Parliament of Albania
- Long title On the transitional re-evaluation of judges and prosecutors in the Republic of Albania ;
- Citation: no. 84/2016
- Passed: 2016-08-30
- Enacted: 2016-09-23
- Committee responsible: Special Parliamentary Committee on Reform in the Judicial System

Summary
- Establish procedures for the re-evaluation of the performance and wealth of judges and prosecutors

= Vetting law =

Albanian legislation on evaluating judges

The vetting law (Ligji i veting-ut), officially law no. 84/2016, "On the transitional re-evaluation of judges and prosecutors in the Republic of Albania", (Note: Për rivlerësimin kalimtar të gjyqtarëve dhe prokurorëve në Republikën e Shqipërisë) is an Albanian law allowing for the evaluation of judges and prosecutors and their dismissal after a review was completed by a panel of appointed "commissioners". It was developed through cooperation between all major political parties in the Albanian parliament and several international actors after the unanimously approved constitutional amendments that allowed for its creation. The law was ultimately passed in August 2016 with the votes of the governing coalition and independents.

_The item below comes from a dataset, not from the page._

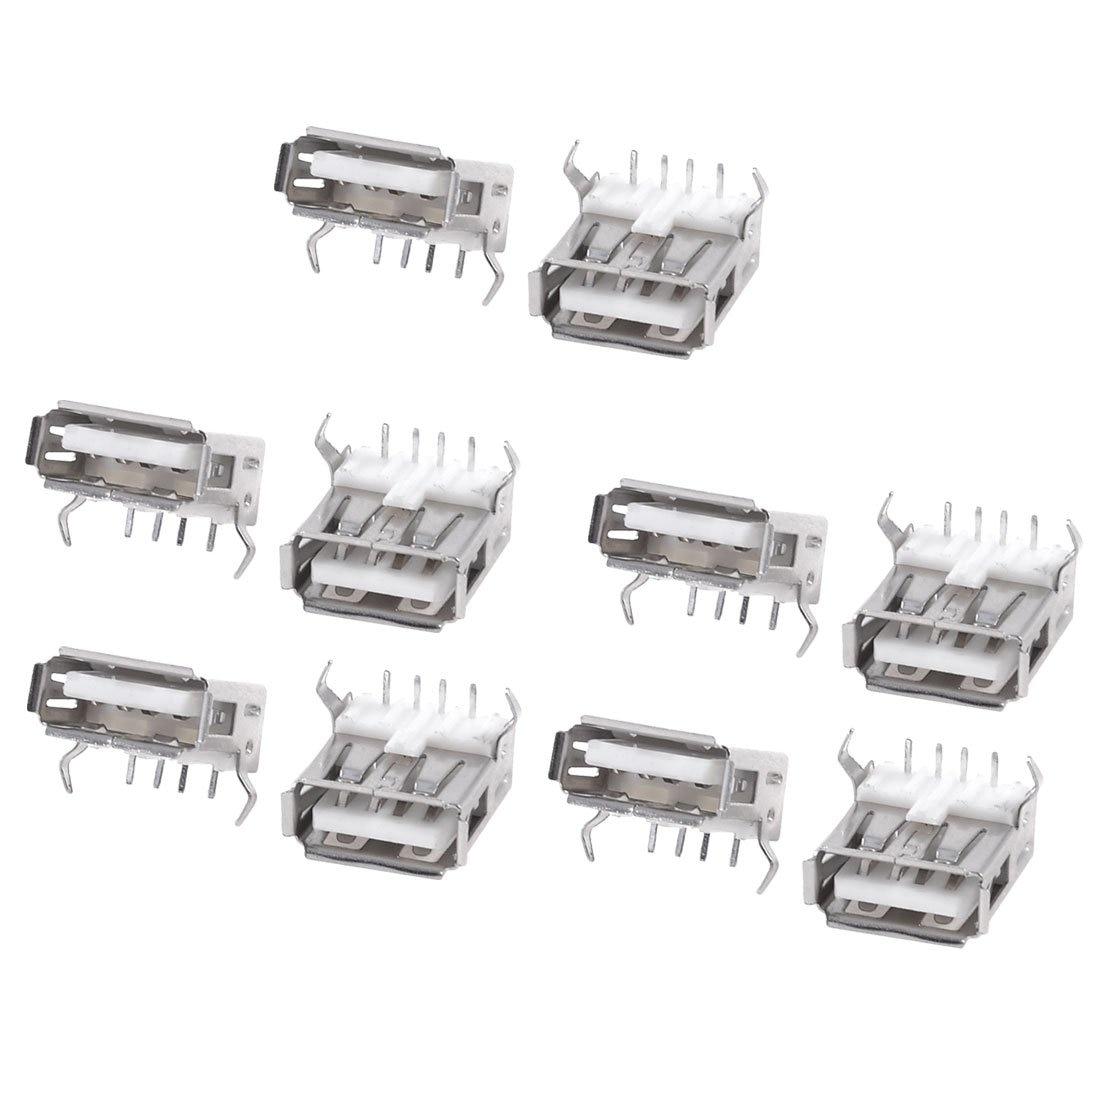 WSFS Hot Sale 10PCS USB Type A Standard Port Female Solder

The vetting law was one of the most important components of the judicial reforms of 2016 that represented the biggest overhaul to Albania's judicial system since the fall of communism in the country. The Independent Commission of Qualification was set up to conduct checks on the moral character, professional performance, and wealth of judges and prosecutors in Albania with other bodies responsible for monitoring the process and handling appeals.

During the first period of evaluations, around 800 judges and prosecutors were subject to the vetting process, over 200 of which were subsequently dismissed.

From January 2025, ongoing evaluations previously run by the Independent Commission will be carried out by SPAK.